The meeting focused very much on practical aspects of assessing Mental Capacity both in medicolegal and clinical contexts in people who have had a brain injury.
The meeting was a result of many months of discussion and consultation by Dr Neil Brooks of Rehab Without Walls, and neuropsychology colleagues involved in both Statutory Services and Independent Practice, in the UK and the Republic of Ireland.
The morning was devoted to fundamental issues, most particularly what the Courts expect of a neuropsychology Expert who is assessing capacity, and the cognitive neuropsychology of decision making. His Honour, Senior Judge Denzil Lush, Senior Judge of the Court of Protection gave a very full and informative talk, drawing on recent Judgements to outline the factors which the Court expects to see in a report, and also identifying Judgements in which the Court had decided not to go along with the views of a particular Expert. His Honour Judge Lush stressed the important point that it is the Court which decides on Mental Capacity, and the Expert only advises. This was a theme which was picked up frequently throughout the day.
The cognitive neuropsychology of decision making was dealt with in very helpful detail by Professor Graham Powell, who identified rules of decision making, including rules of thumb (“heuristics”), and associated biases which can lead to difficulties in decision making. He outlined a very useful “lens” model of decision making, which sees decision making not solely as a cognitive matter, but as a complex process involving cues, assumptions, and psychological processes, including biases. The lens model was used frequently during the day when issues of capacity assessment were raised in the “consult a colleague” sessions.
The afternoon was devoted to practical matters in the assessment of capacity, both in a medicolegal and clinical context. The clinical context was addressed by Dr Camilla Herbert, and Professor Gus Baker, who quizzed each other about capacity assessments in complex, often urgent, clinical situations. The medicolegal aspects were addressed by Dr Richard Warburg, and Professor
Graham Powell, using a detailed analysis of a recent case in which Dr Warburg has been involved (Loughlin v Singh).
Both morning and afternoon session included a “consult a colleague” session in which questions were raised from the floor, and debated by a small panel.
Overall the day was a great success, and a number of recurring themes were identified as follows:
While we are all bound by the Mental Capacity Act (2005), the law is a living instrument, and the Act is currently under review by the Law Commission.

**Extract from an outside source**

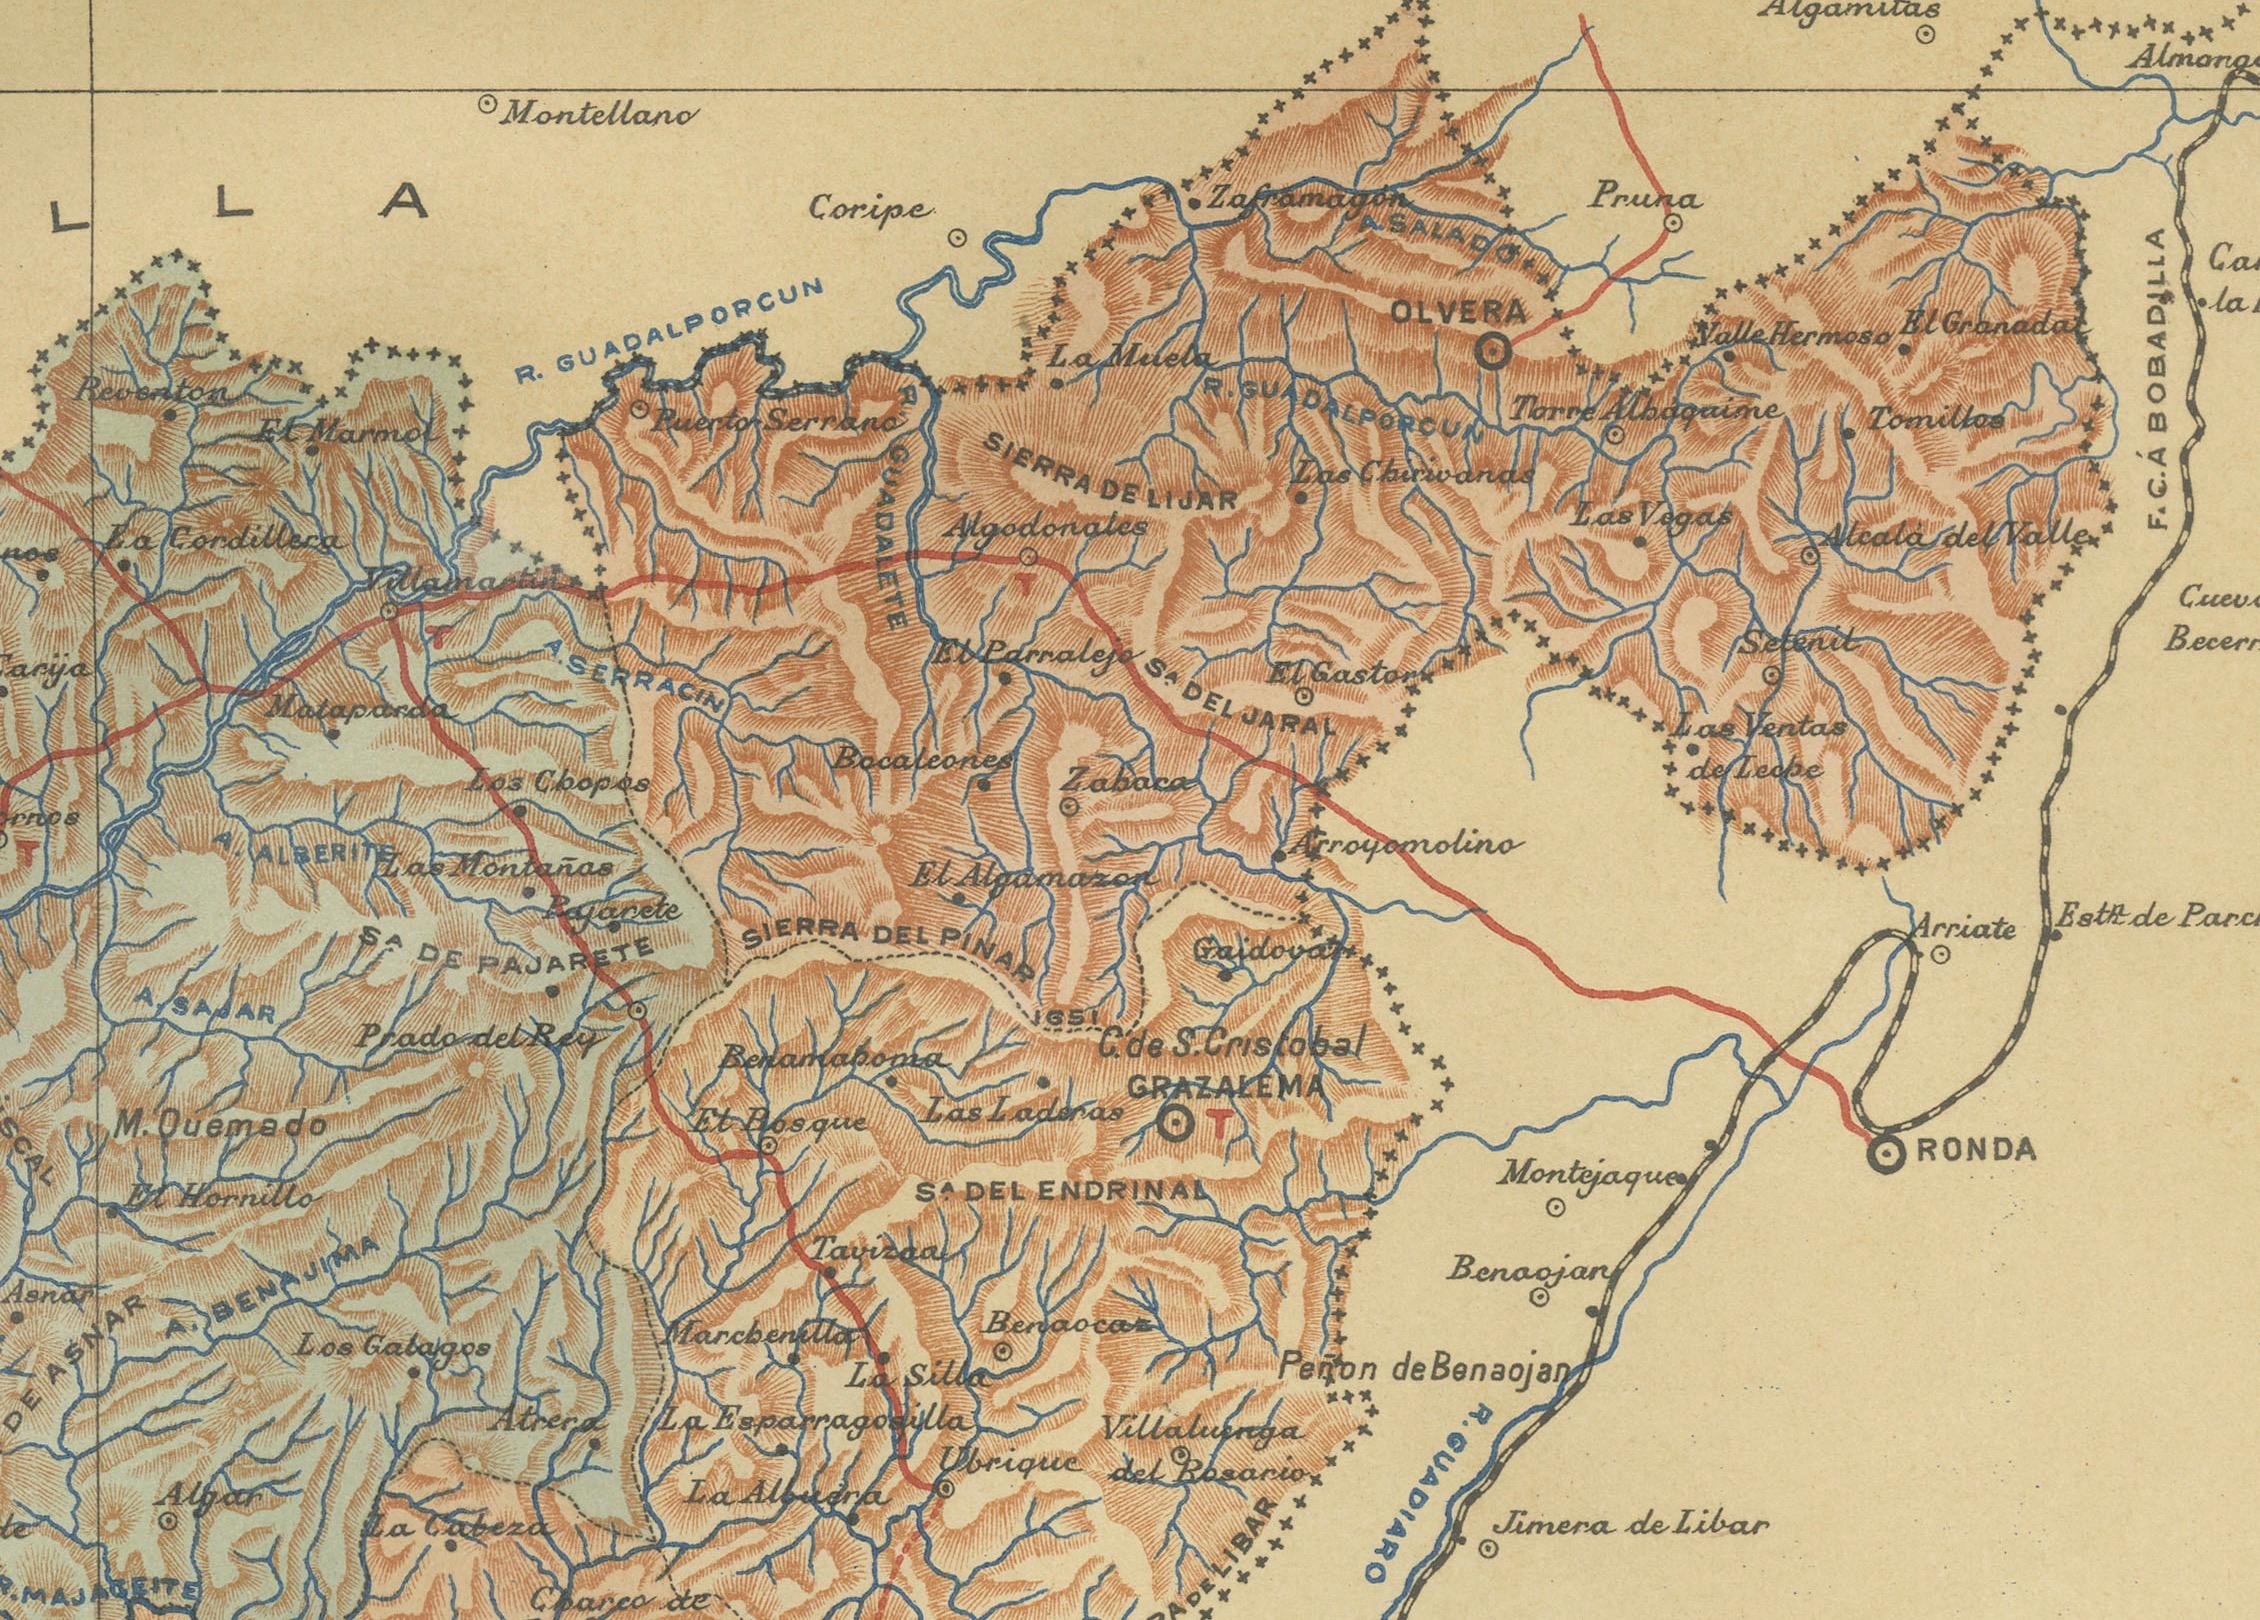 Die Karte zeigt die Provinz Cádiz in der autonomen Gemeinschaft Andalusien, Spanien, aus dem Jahr 1901. Sie weist verschiedene geografische und vom Menschen geschaffene Merkmale auf:

Die Karte zeigt die abwechslungsreiche Landschaft von Cádiz,

It is very likely that the Act will change, both in relation to matters such as Deprivation Of Liberty Safeguards, and also to make it compliant with the United Nations Convention on the Rights of People with Disabilities (UNCRPD).
When asked to assess capacity in either a medicolegal or clinical context, start by deciding exactly what the issue is, and exactly what aspect(s) of capacity is being assessed.
When assessing capacity, write it down and use (and document) multiple sources of information.
The assessment of capacity in brain injury is complicated, and those involved in assessing capacity should not be afraid to recognise and acknowledge that.
Those assessing capacity are, fundamentally advisors to the Court, and it is the Court which decides. If a situation is complex and difficult, the assessor should be confident in advising the Court of that, and suggesting what additional information may be necessary to help the Expert come to a view.
A specific message for psychologists is – remember you are a psychologist, and trust your clinical judgement.
All in all, an excellent, stimulating, and informative day.